Liu Yu-Ruey, Nfor Oswald Ndi, Zhong Ji-Han, Lin Chun-Yuan, Liaw Yung-Po
College of Information and Electrical Engineering, Asia University, Taichung, 413, Taiwan.
Department of Emergency Medicine, Cheng Ching General Hospital, Taichung, Taiwan.
J Inflamm Res. 2024 Nov 26;17:9847-9856. doi: 10.2147/JIR.S490821. eCollection 2024.
We assessed the risk of gout in the Taiwan Biobank population by applying various machine learning algorithms. The study aimed to identify crucial risk factors and evaluate the performance of different models in gout prediction.
This study analyzed data from 88,210 individuals in the Taiwan Biobank, identifying 19,338 cases of gout and 68,872 controls. After data cleaning and propensity score matching for gender and age, the final analytical sample comprised 38,676 individuals (19,338 gout cases and 19,338 controls). Five machine learning models were used: Bayesian Network (BN), Random Forest (RF), Gradient Boosting (GB), Logistic Regression (LR), and Neural Network (NN). The predictive performance was evaluated using a split dataset (80% training set and 20% test set).
Variable importance analysis was performed to identify key variables, with uric acid and gender emerging as the most influential risk factors. Descriptive data highlighted significant differences between the control group and gout patients, with a higher prevalence of gout in men (51.36% vs 48.64%). Both the RF and GB demonstrated high performance across multiple metrics, with RF consistently achieving a high area under the curve (AUC) of 0.986 to 0.987, alongside excellent sensitivity (0.945-0.947) and specificity (0.998-0.999). GB also performed robustly, with AUC values around 0.987-0.988 and maintaining high sensitivity (0.944-0.950) and specificity (0.995-0.999) across different model variations. The F1 scores for both models (GB and RF) indicate strong predictive capabilities, with values around 0.971-0.972.
The RF and GB demonstrated exceptional accuracy in predicting gout status, particularly when incorporating genetic data alongside clinical factors. These findings underscore the potential for integrating machine learning models with genetic information to enhance gout prediction accuracy in clinical practice.
我们通过应用各种机器学习算法评估了台湾生物银行人群中痛风的风险。该研究旨在确定关键风险因素,并评估不同模型在痛风预测中的性能。

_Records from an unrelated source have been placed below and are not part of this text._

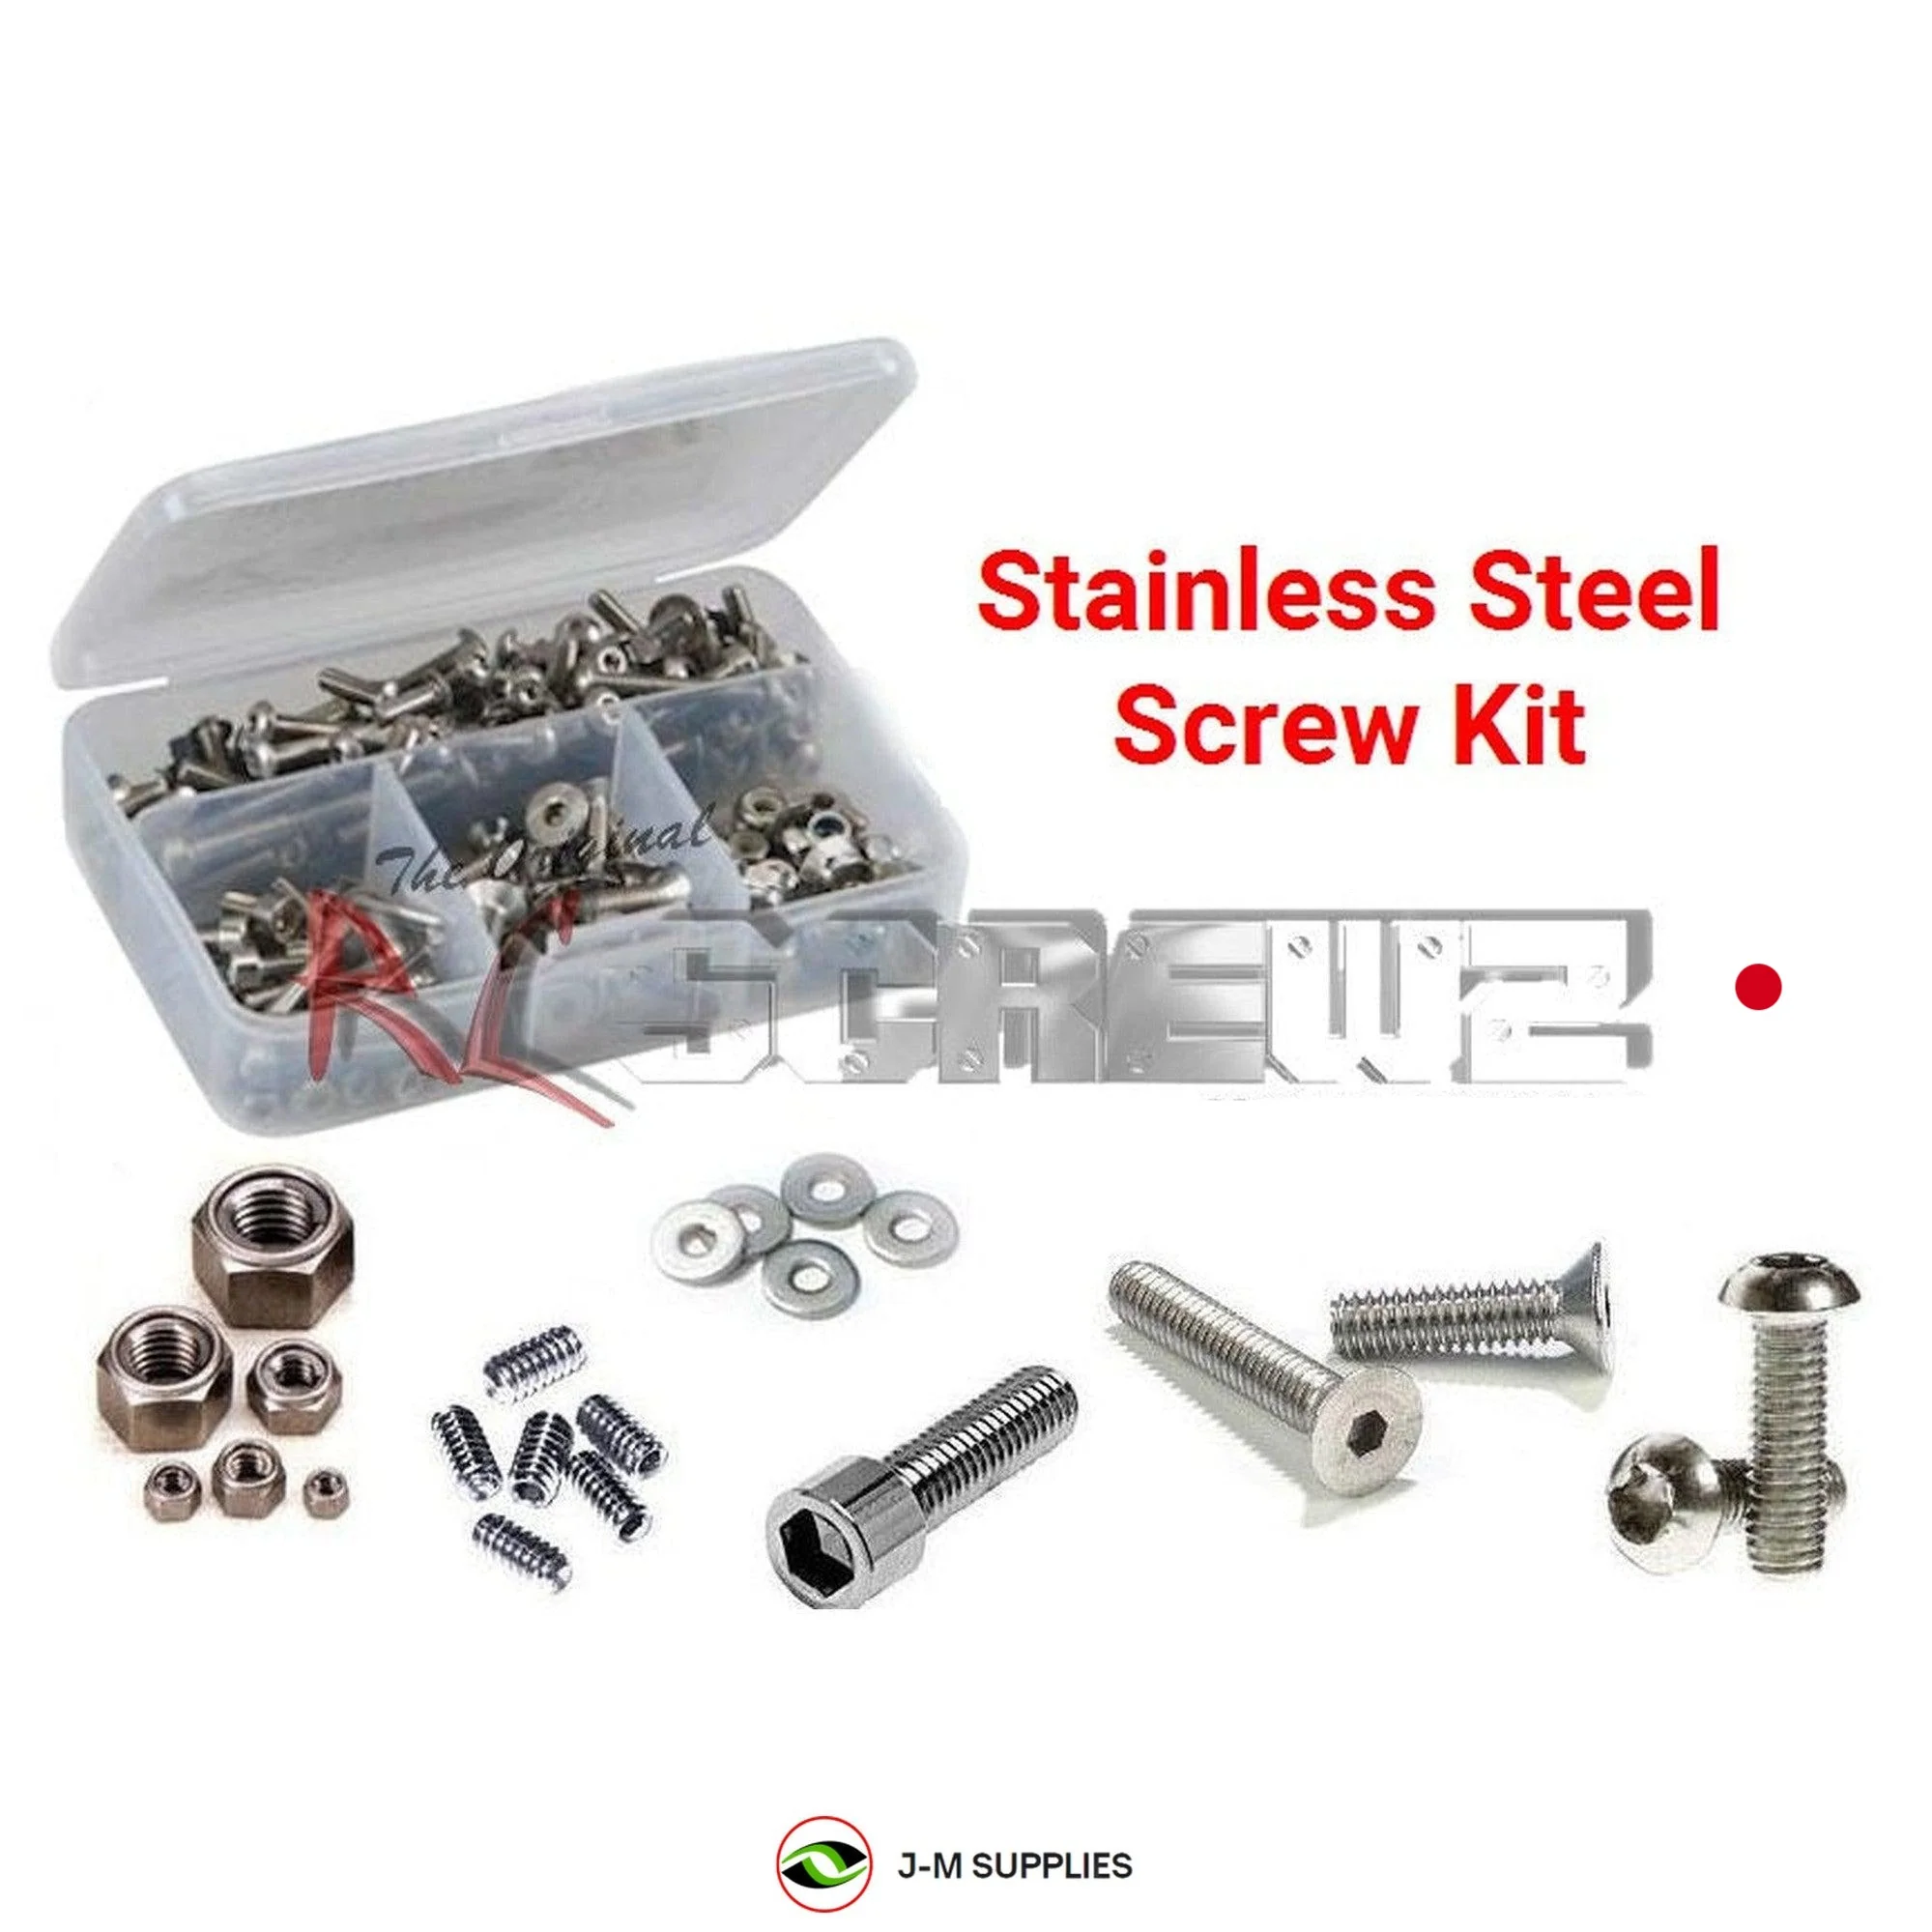 RCScrewZ Stainless Steel Screw Kit ftx024 for FTX Outback Fury 4�4 Trail Crawler - Picture 1 of 12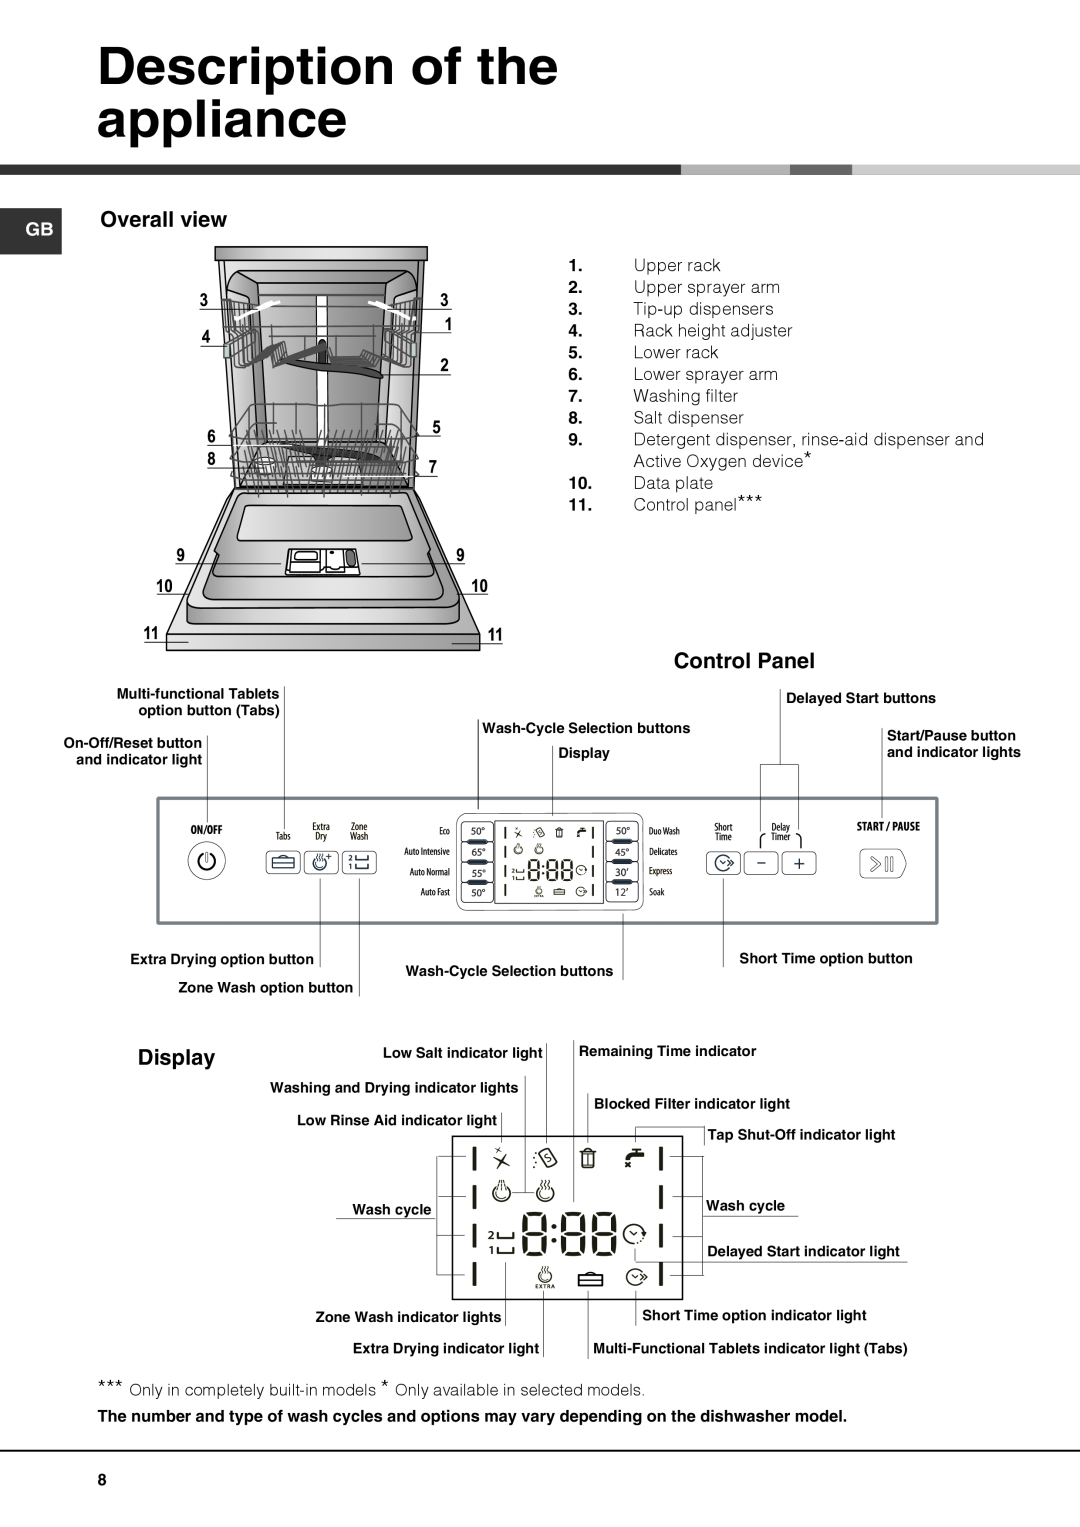 Hotpoint FDFET 33121 manual Description of the appliance, Overall view, Control Panel, Display 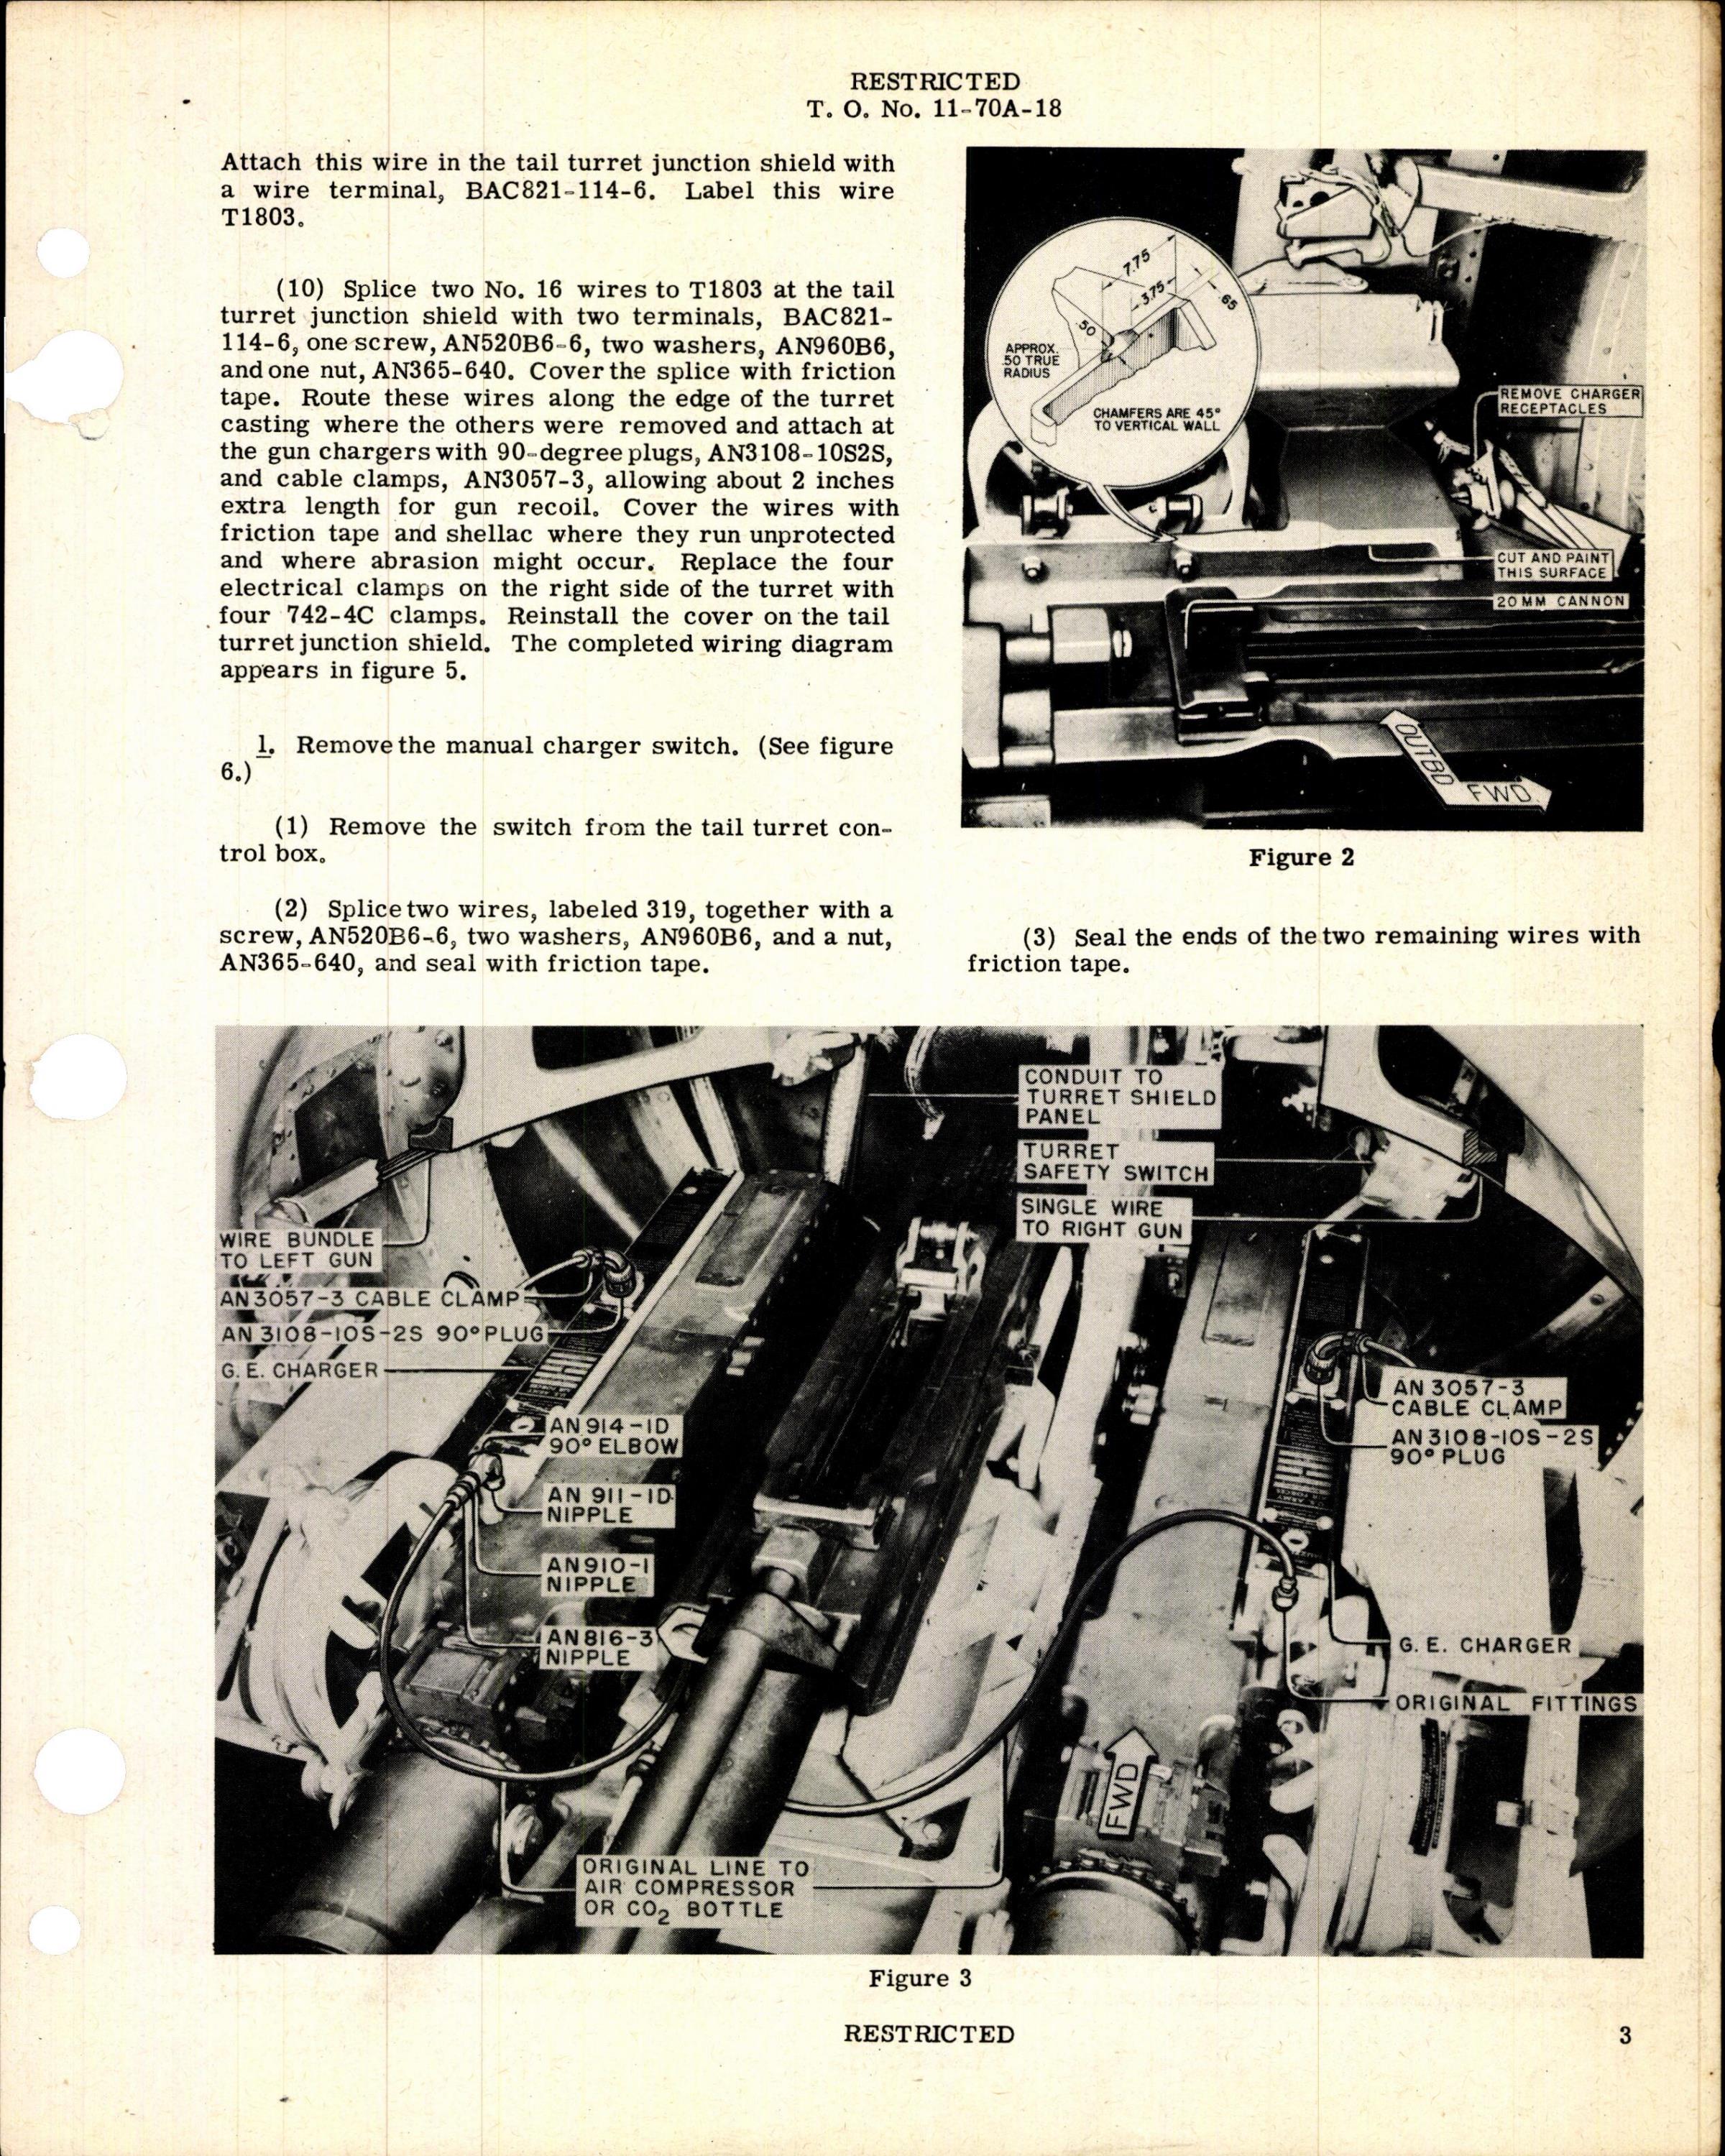 Sample page 3 from AirCorps Library document: Installation of Compressed Air Gun Chargers

本研究分析了台湾生物银行中88210名个体的数据,确定了19338例痛风病例和68872例对照。在对性别和年龄进行数据清理和倾向得分匹配后,最终分析样本包括38676名个体(19338例痛风病例和19338例对照)。使用了五种机器学习模型:贝叶斯网络(BN)、随机森林(RF)、梯度提升(GB)、逻辑回归(LR)和神经网络(NN)。使用拆分数据集(80%训练集和20%测试集)评估预测性能。
进行了变量重要性分析以确定关键变量,尿酸和性别成为最有影响力的风险因素。描述性数据突出了对照组和痛风患者之间的显著差异,男性痛风患病率更高(51.36%对48.64%)。RF和GB在多个指标上均表现出高性能,RF始终实现0.986至0.987的高曲线下面积(AUC),同时具有出色的敏感性(0.945 - 0.947)和特异性(0.998 - 0.999)。GB也表现强劲,AUC值约为0.987 - 0.988,并且在不同模型变体中保持高敏感性(0.944 - 0.950)和特异性(0.995 - 0.999)。两种模型(GB和RF)的F1分数表明具有强大的预测能力,值约为0.971 - 0.972。
RF和GB在预测痛风状态方面表现出卓越的准确性,特别是在将遗传数据与临床因素相结合时。这些发现强调了将机器学习模型与遗传信息相结合以提高临床实践中痛风预测准确性的潜力。